If this is the wrong forum, please let me know.

We have just started working on this problem (new hardware is on order [gtx280/amd9950/gigabyte GA-MA790GP-DS4H]) and since the timeframe is tight we need to start designing before hardware is up and stable.

It is implemented already on a regular cpu but takes days and days running for larger datasets, even after a substantial amount of time optimizing it. I believe (hope? pray?) we can gain substantially (50x-100x?) by using the new hardware and cuda.

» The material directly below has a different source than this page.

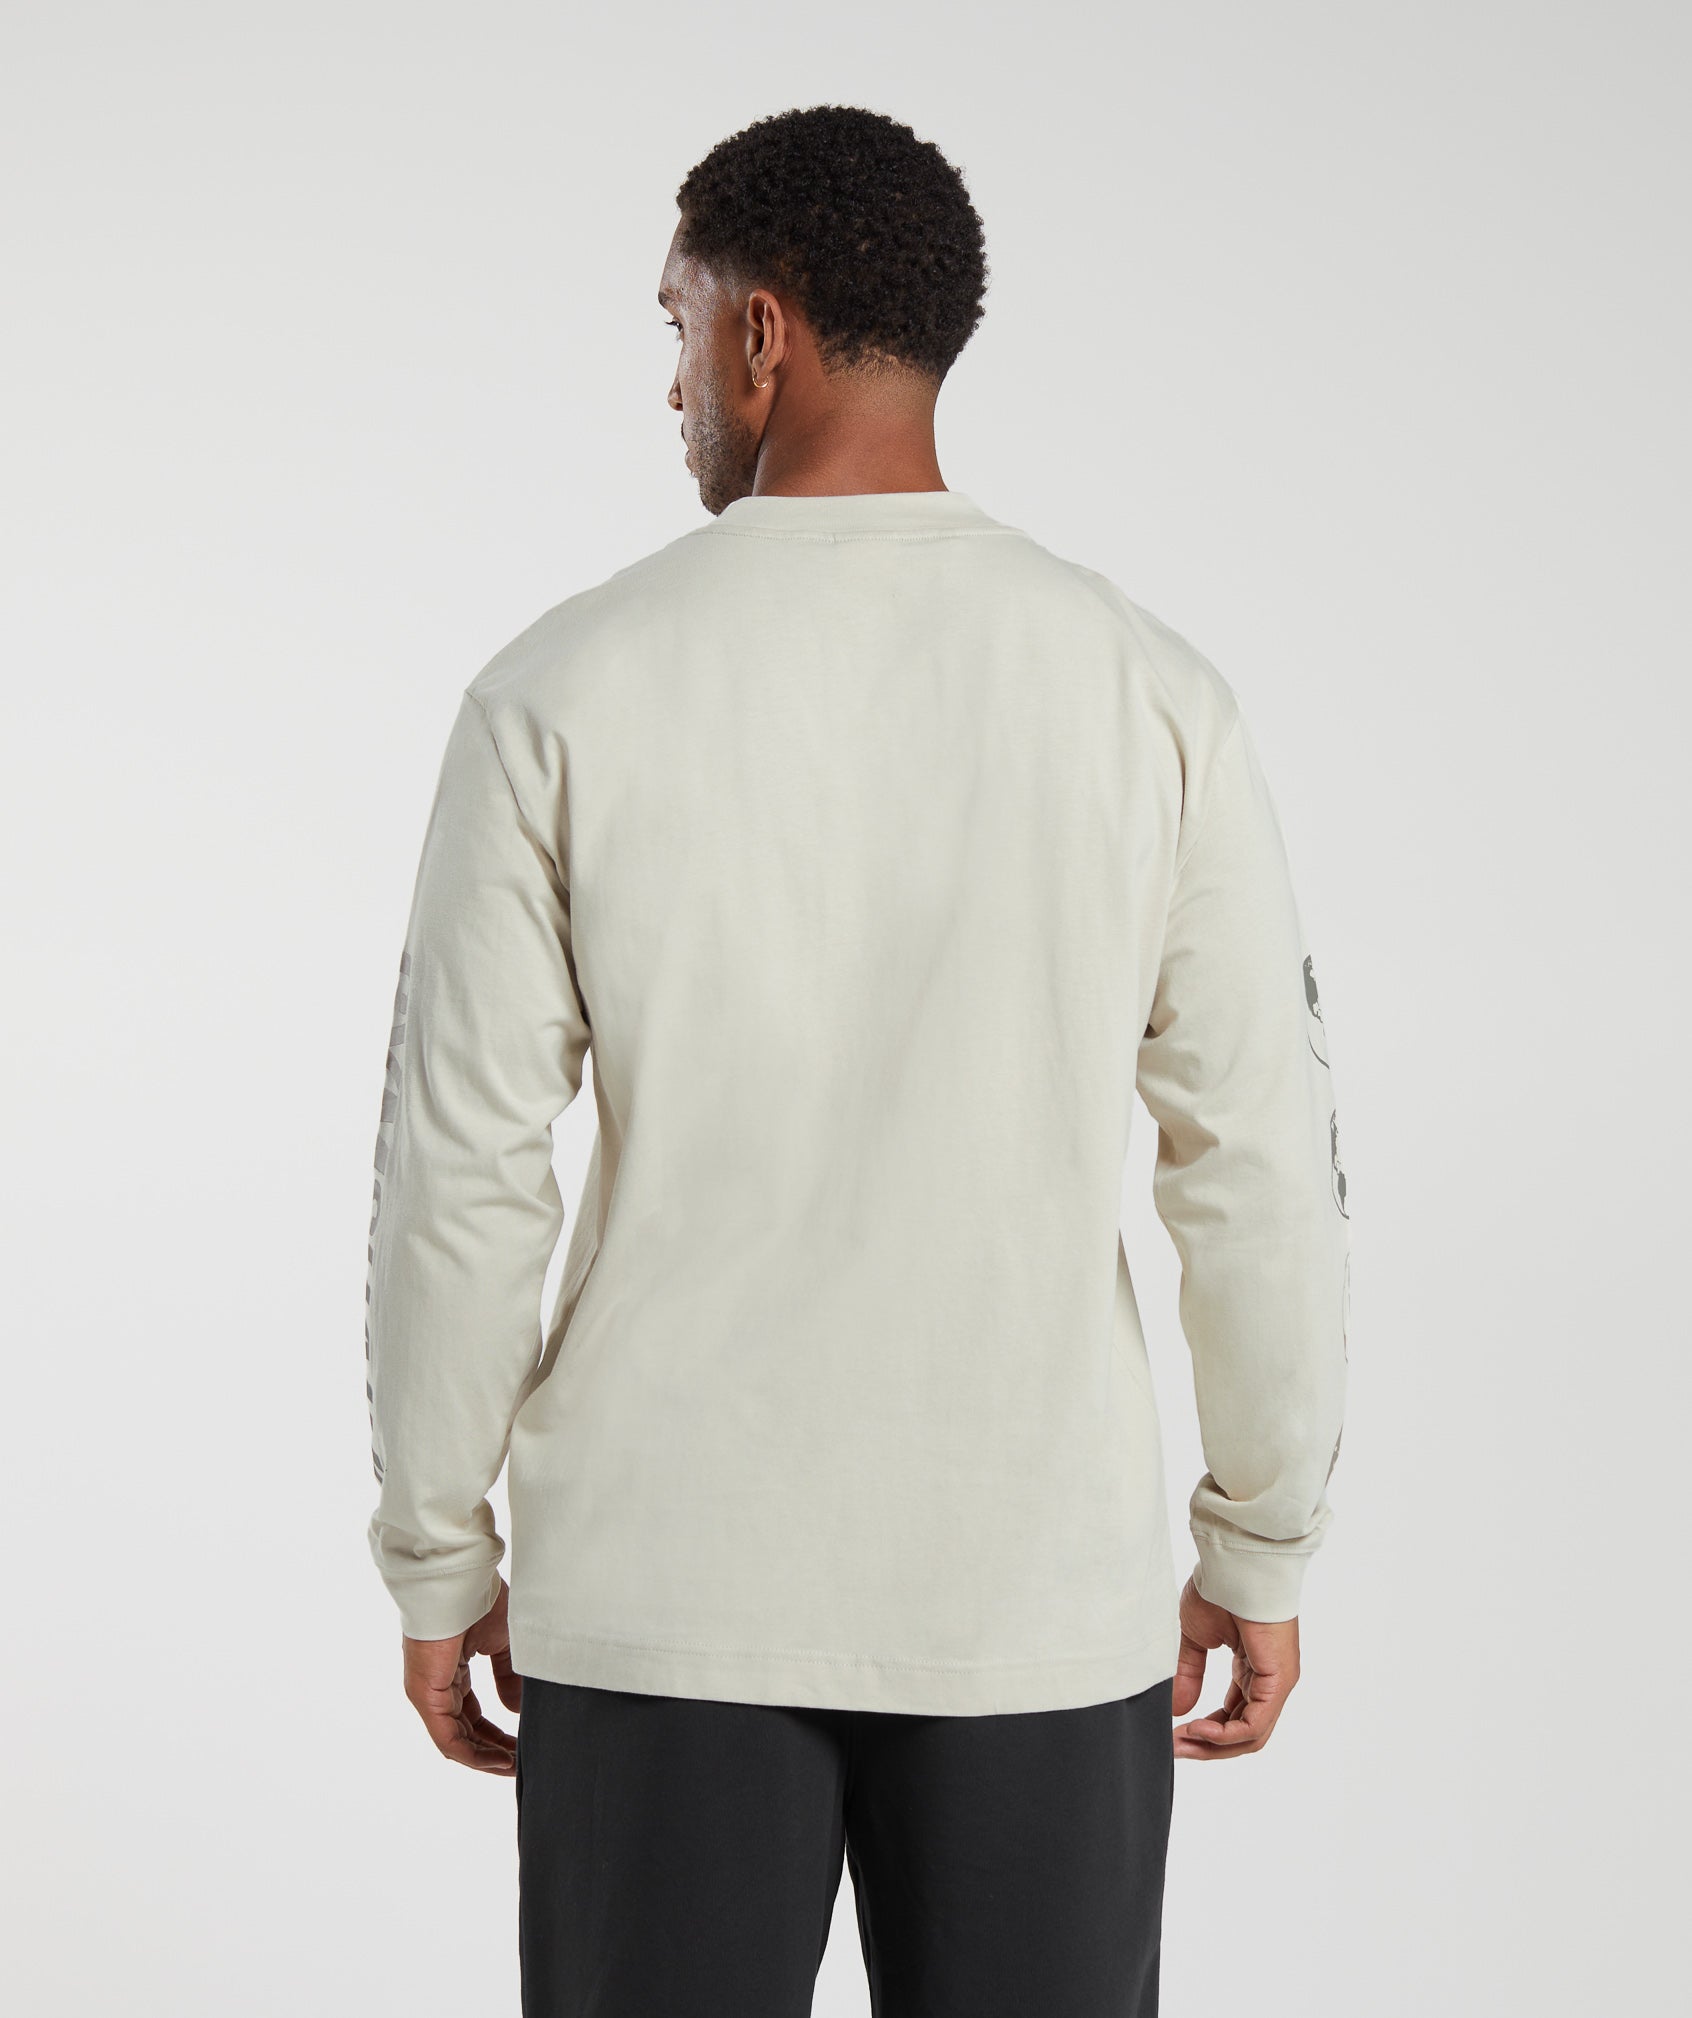 Gymshark Cotton Oversized Long Sleeve Top - Stone Grey

The problem goes like this: There are coordinates in 11-space (between about 100,000 to 2,000,000 sets of them depending…). Call this 2D coordinates array “c” and the number of coordinate sets in c “n”. There is an extreme number of simulation training runs (like hundreds of millions) on disk; call this 2D array “s.” Essentially, take a coordinate vector from s and transform it against each coordinate vector in c (the transform is similar to a modified distance formula). Then each resulting transform is compared against a standard and handled appropriately.

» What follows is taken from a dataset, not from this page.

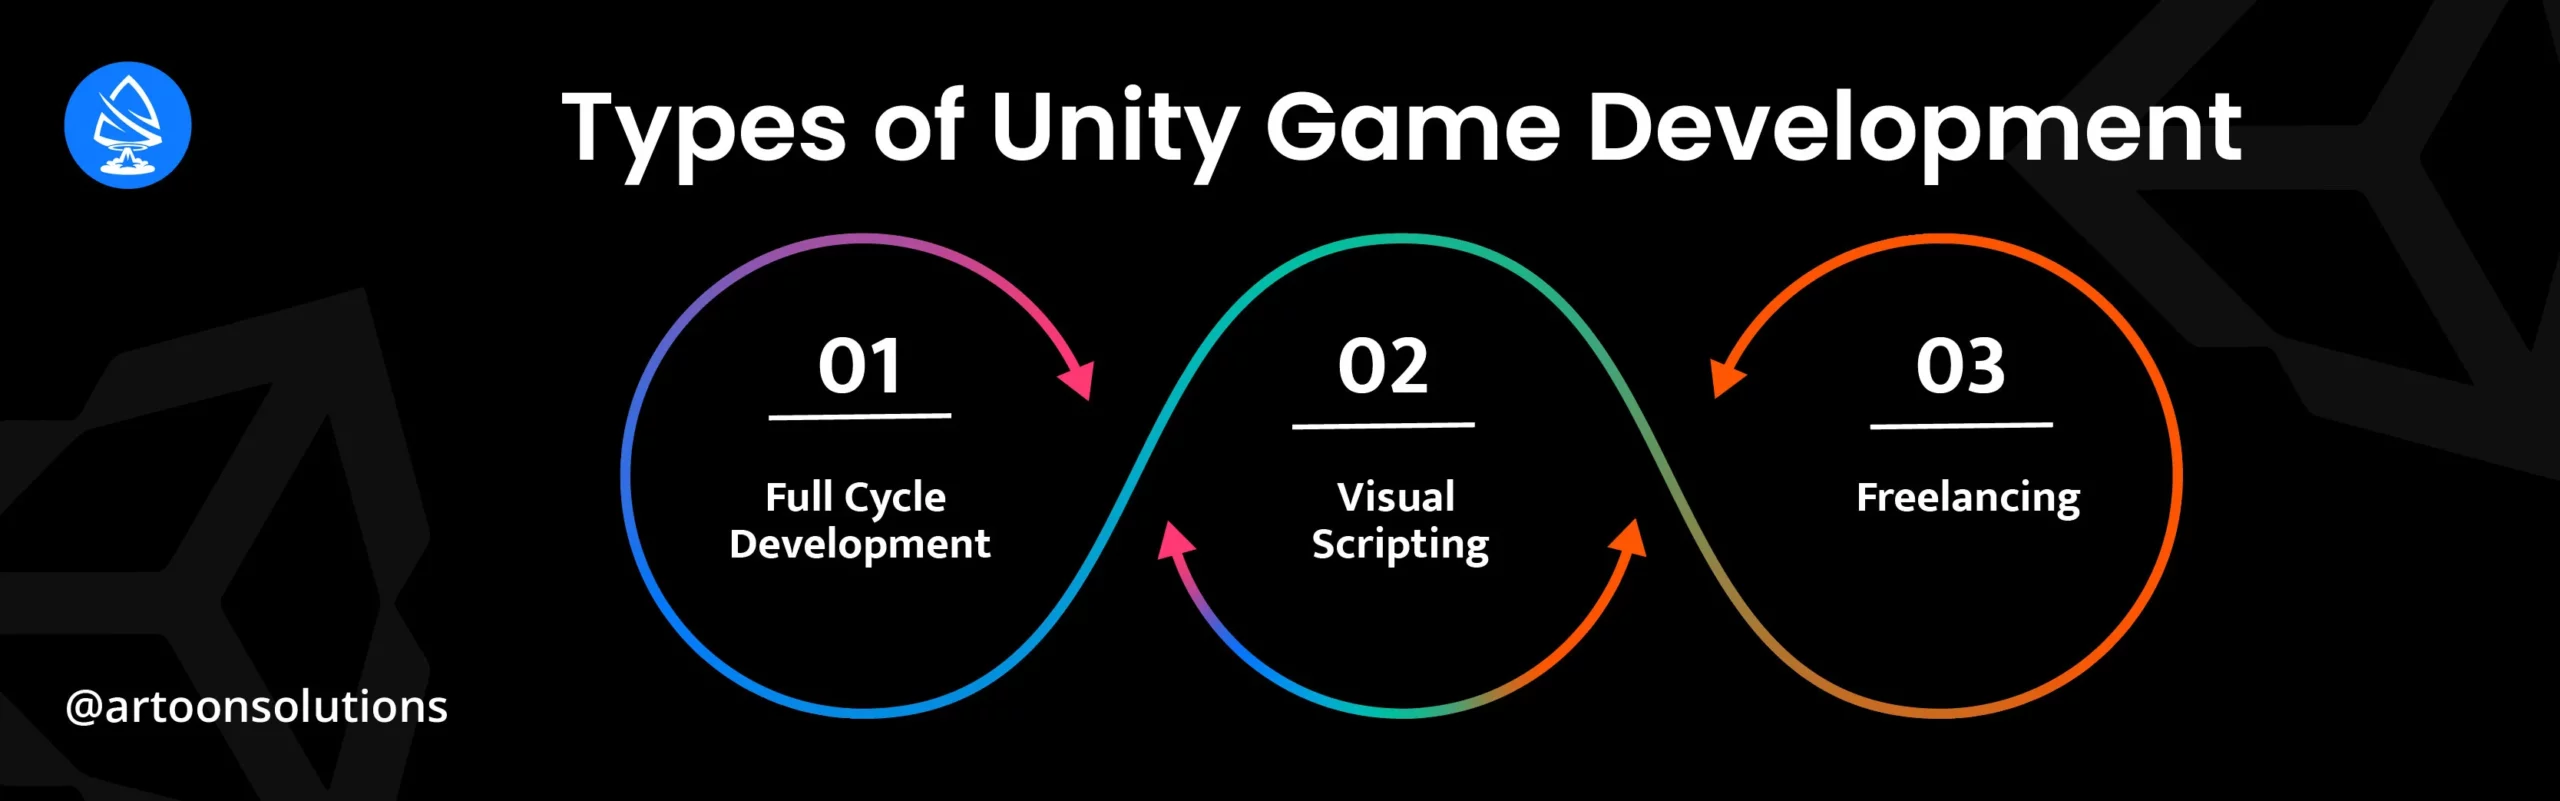 Types of Unity Game Development

Our initial cuda approach is to store the complete array “c” into the 280. If some “c” is too big for 280 memory we will chunk it.

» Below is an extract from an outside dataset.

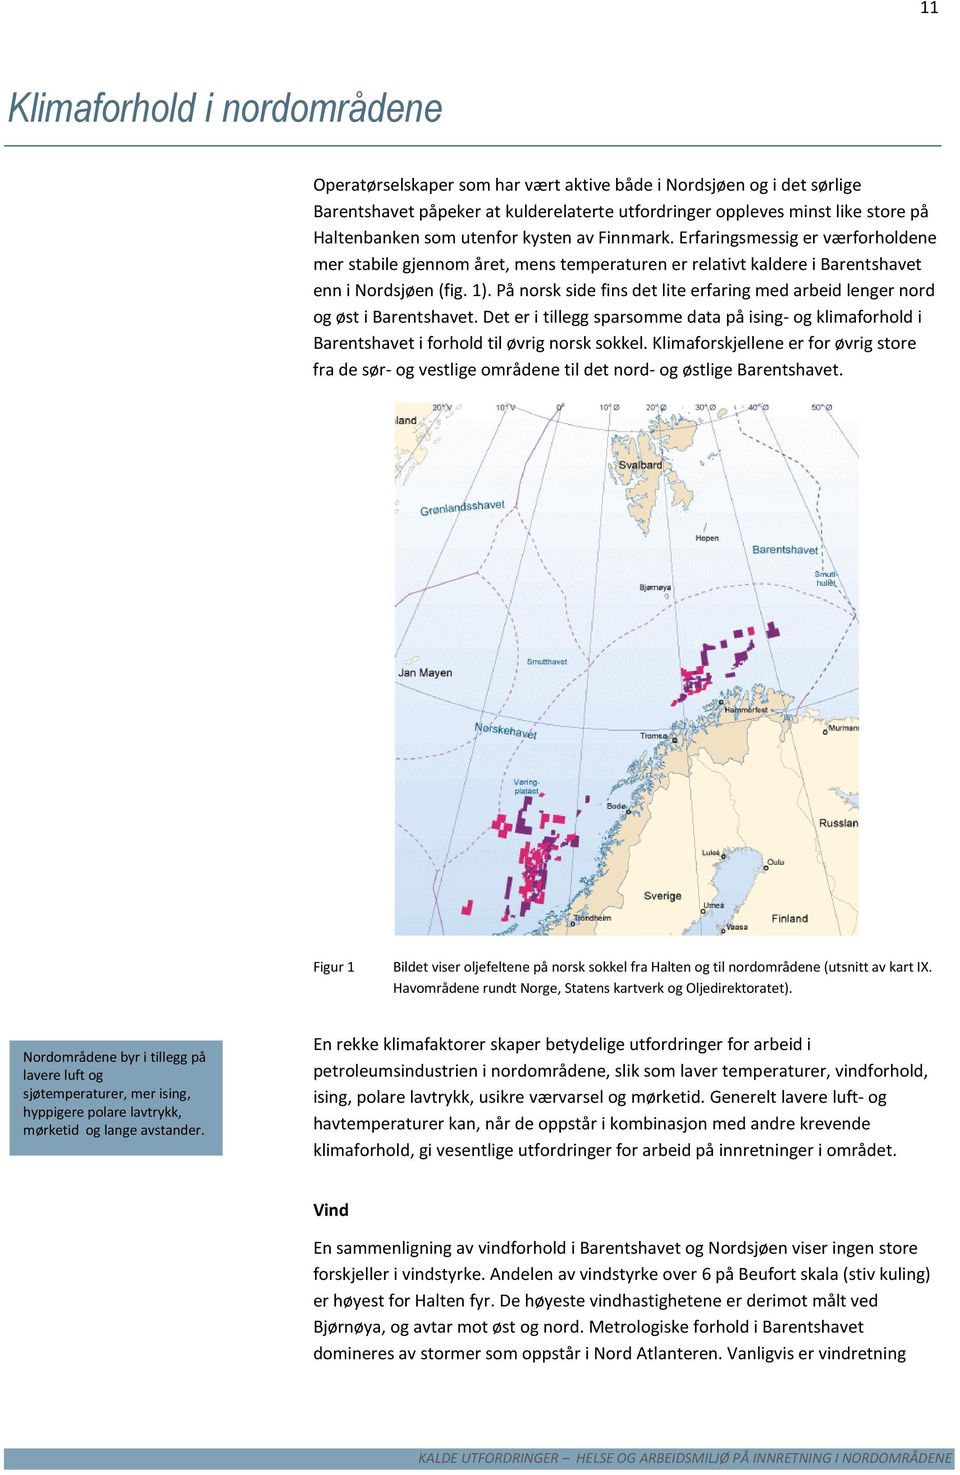 På norsk side fins det lite erfaring med arbeid lenger nord og øst i Barentshavet. Det er i tillegg sparsomme data på ising- og klimaforhold i Barentshavet i forhold til øvrig norsk sokkel.

Now, run “n” number of threads so each thread produces one answer (transformed vector). Each thread receives, through function parameters, the 11 values from one “s” vector. Resulting “n” answers are copied back to the cpu. This paragraph is repeated with another coordinate vector from “s”.

In the meantime, another thread on a different cpu is doing the rest of the processing (which is not gpu-appropriate). We thought about switching the roles of “s” and “c” but aren’t convinced.

We know we will need to tweak block stuff. We thought about storing a chunk of “s” but didn’t understand a real advantage. Any comments on the overall approach? TIA.